• What you are asked to do: Transcribe the listing verbatim. Do not carry over any pictures.

• Data shown:
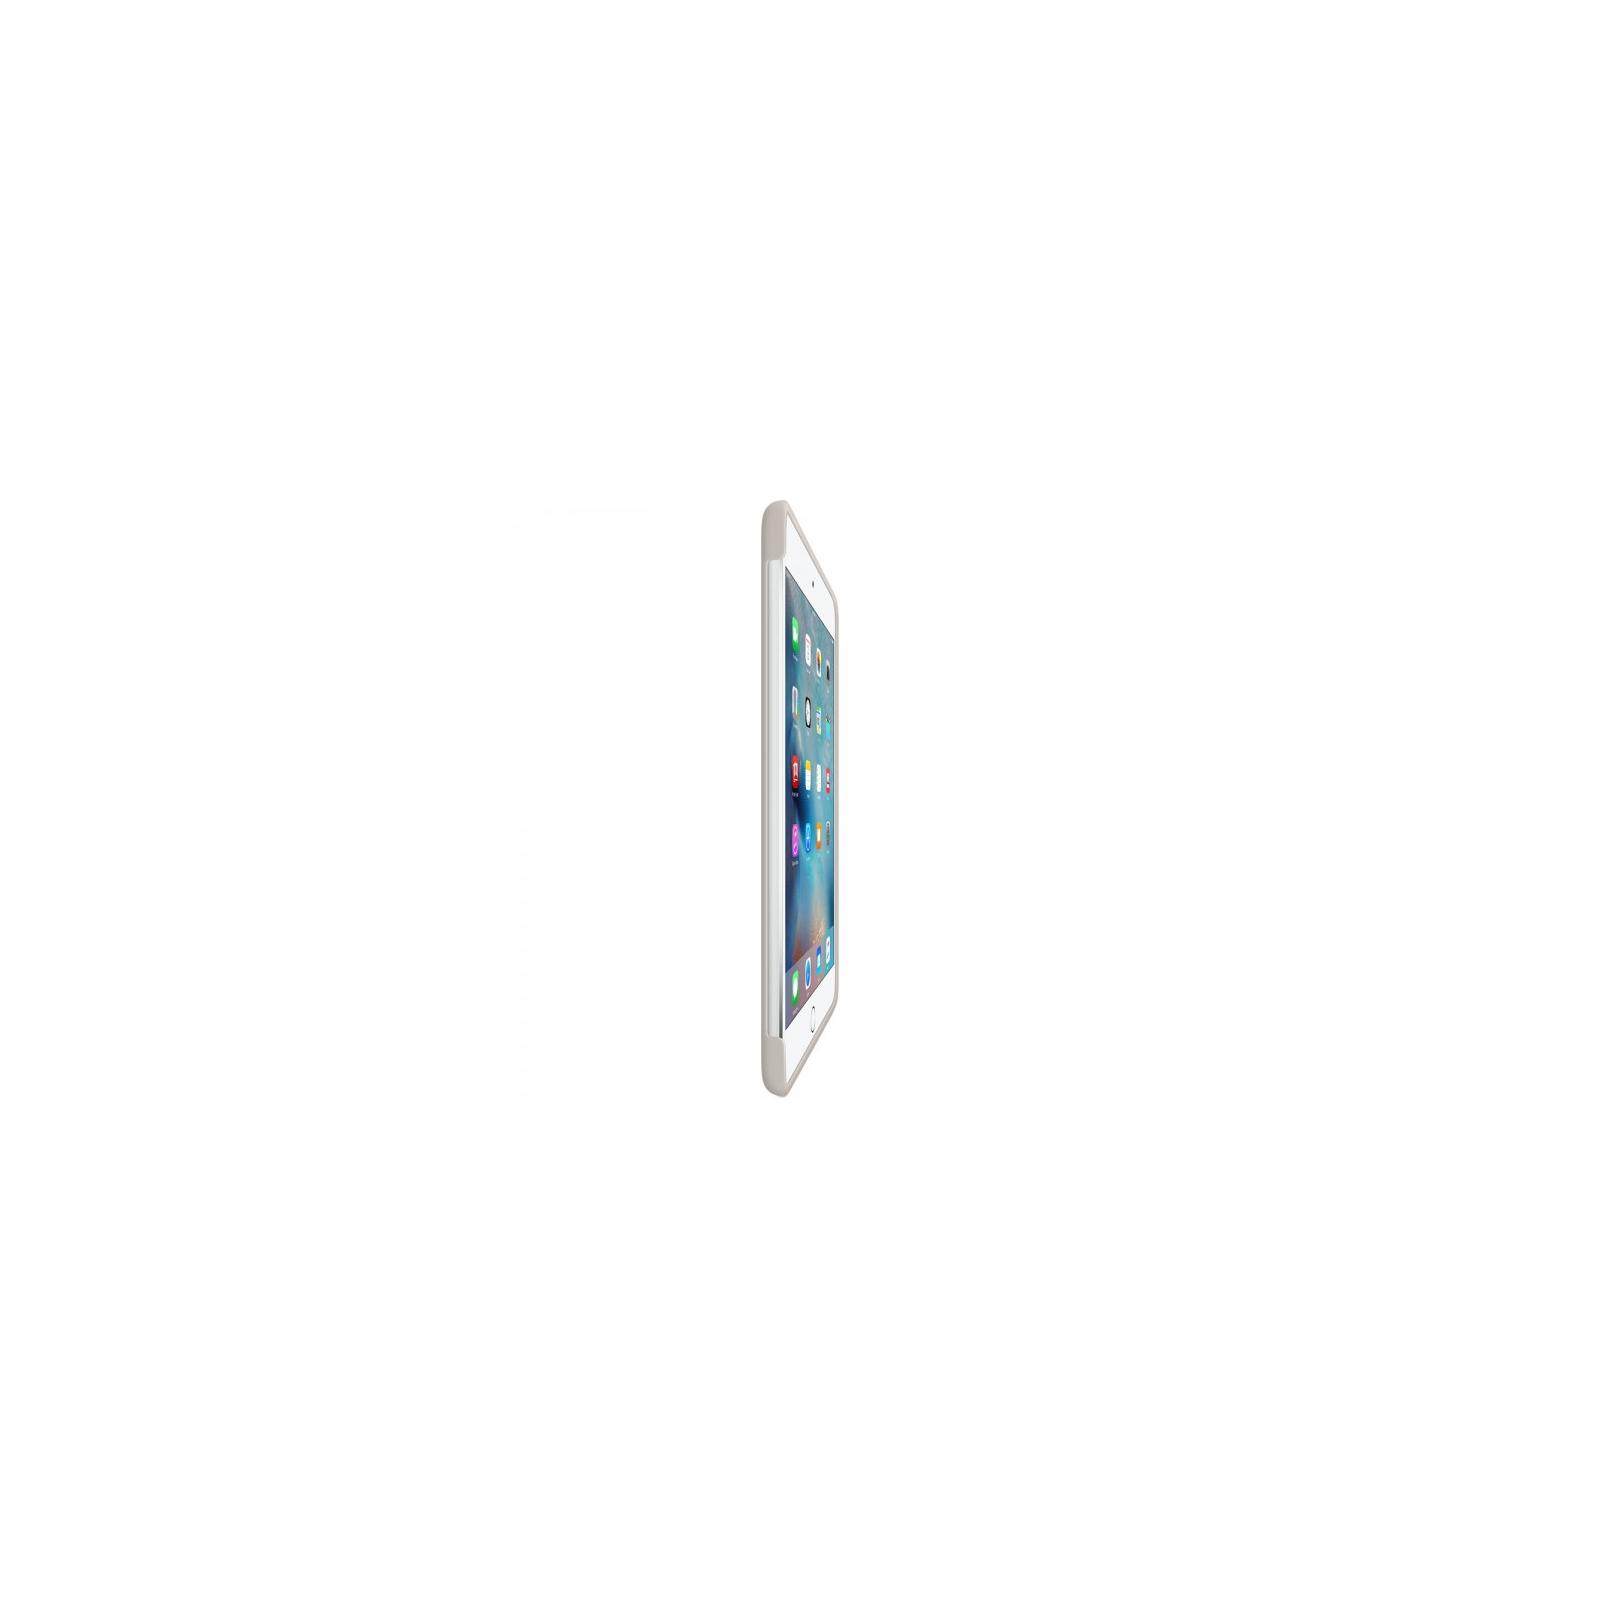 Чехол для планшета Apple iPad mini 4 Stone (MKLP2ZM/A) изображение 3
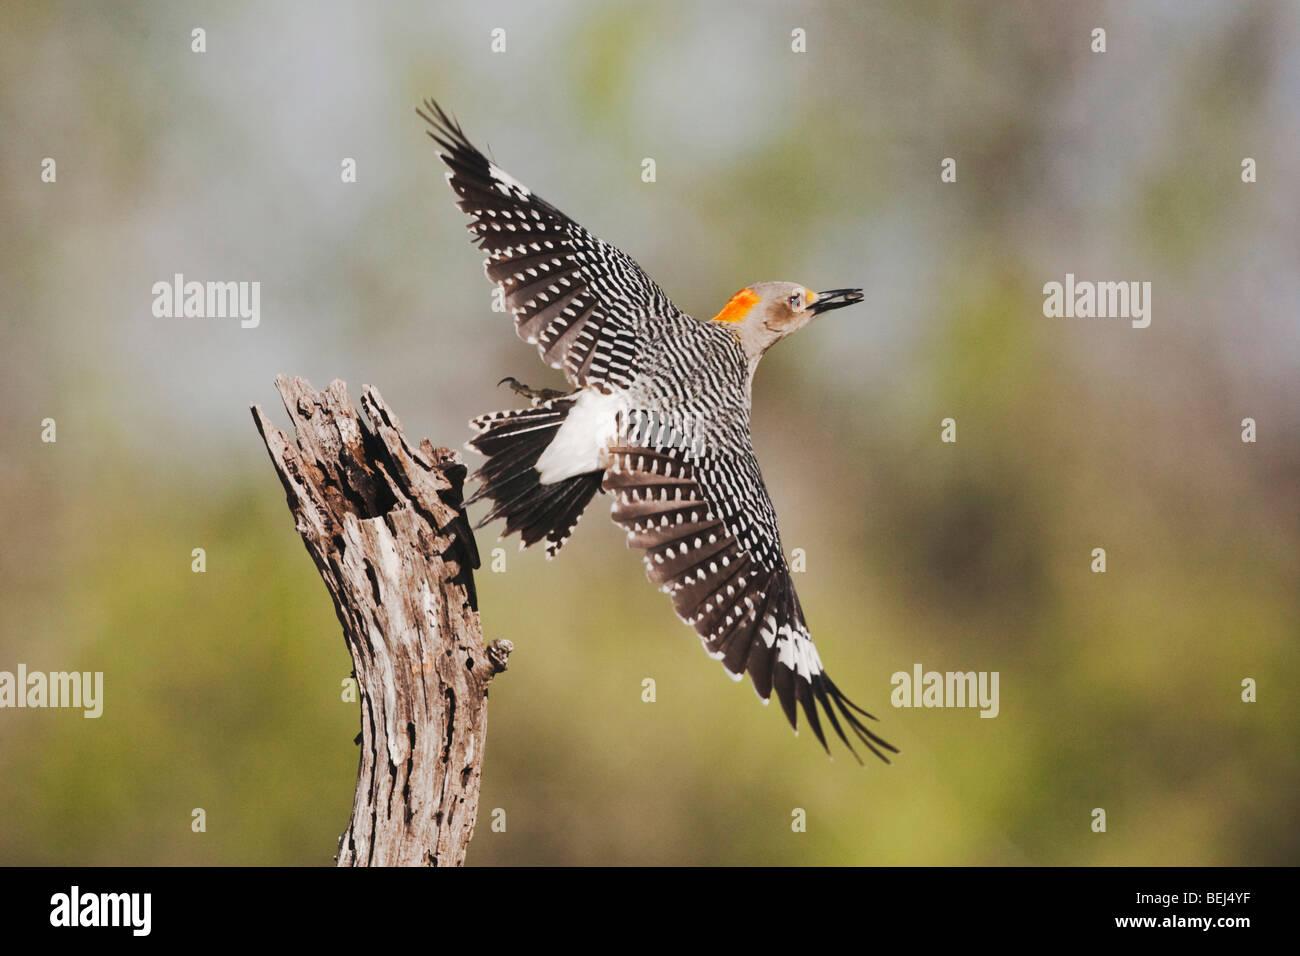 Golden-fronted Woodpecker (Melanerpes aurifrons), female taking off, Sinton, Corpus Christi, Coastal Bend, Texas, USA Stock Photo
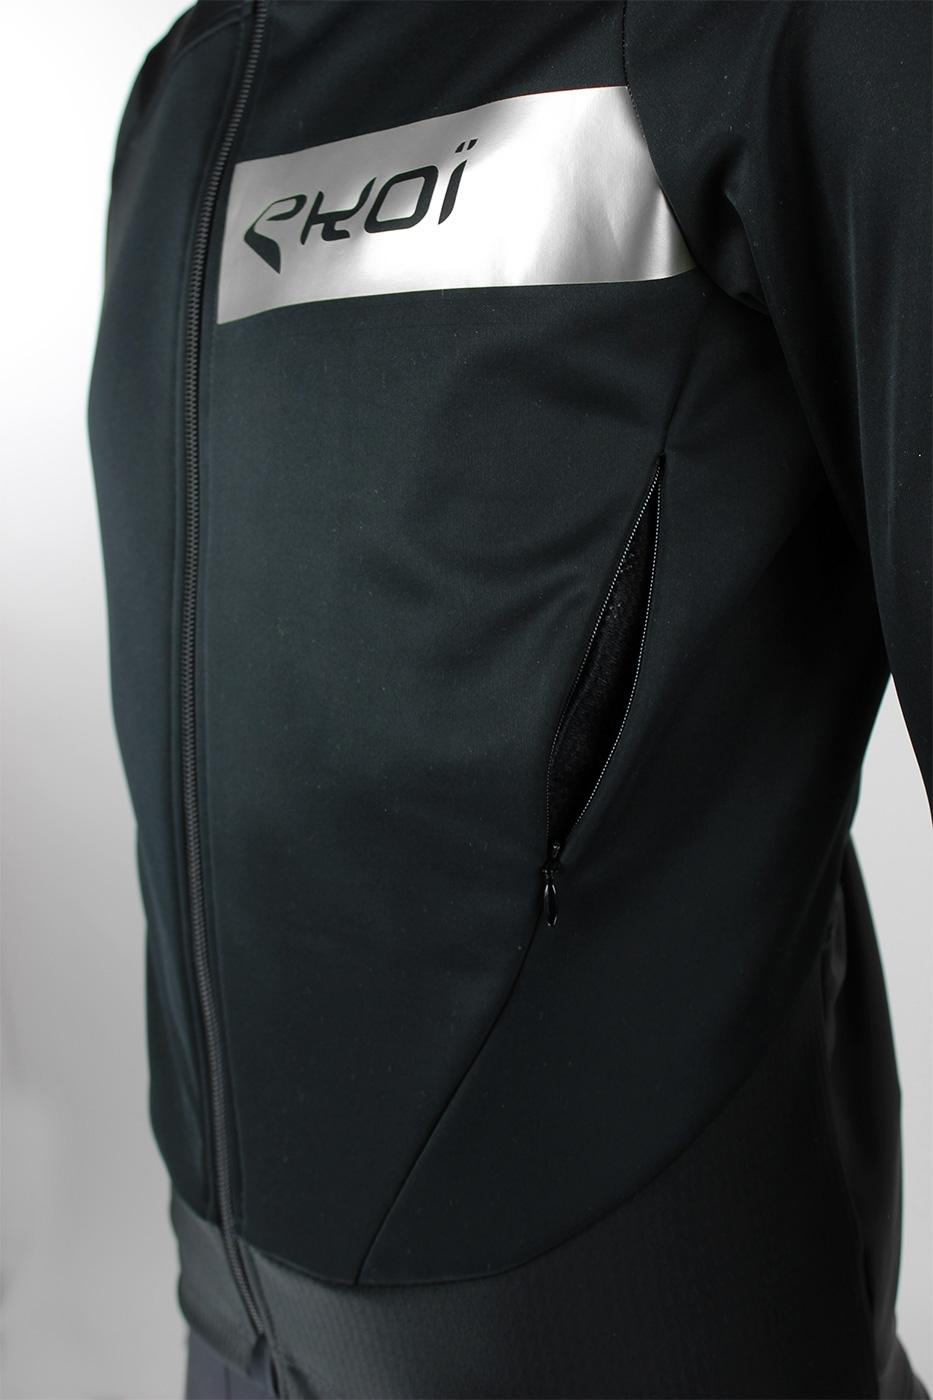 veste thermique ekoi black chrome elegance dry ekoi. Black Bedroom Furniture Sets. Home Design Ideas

• Reply:
 Чехол для планшета Apple iPad mini 4 Stone (MKLP2ZM/A) изображение 3
 Golden-fronted Woodpecker (Melanerpes aurifrons), female taking off, Sinton, Corpus Christi, Coastal Bend, Texas, USA Stock Photo
 veste thermique ekoi black chrome elegance dry ekoi. Black Bedroom Furniture Sets. Home Design Ideas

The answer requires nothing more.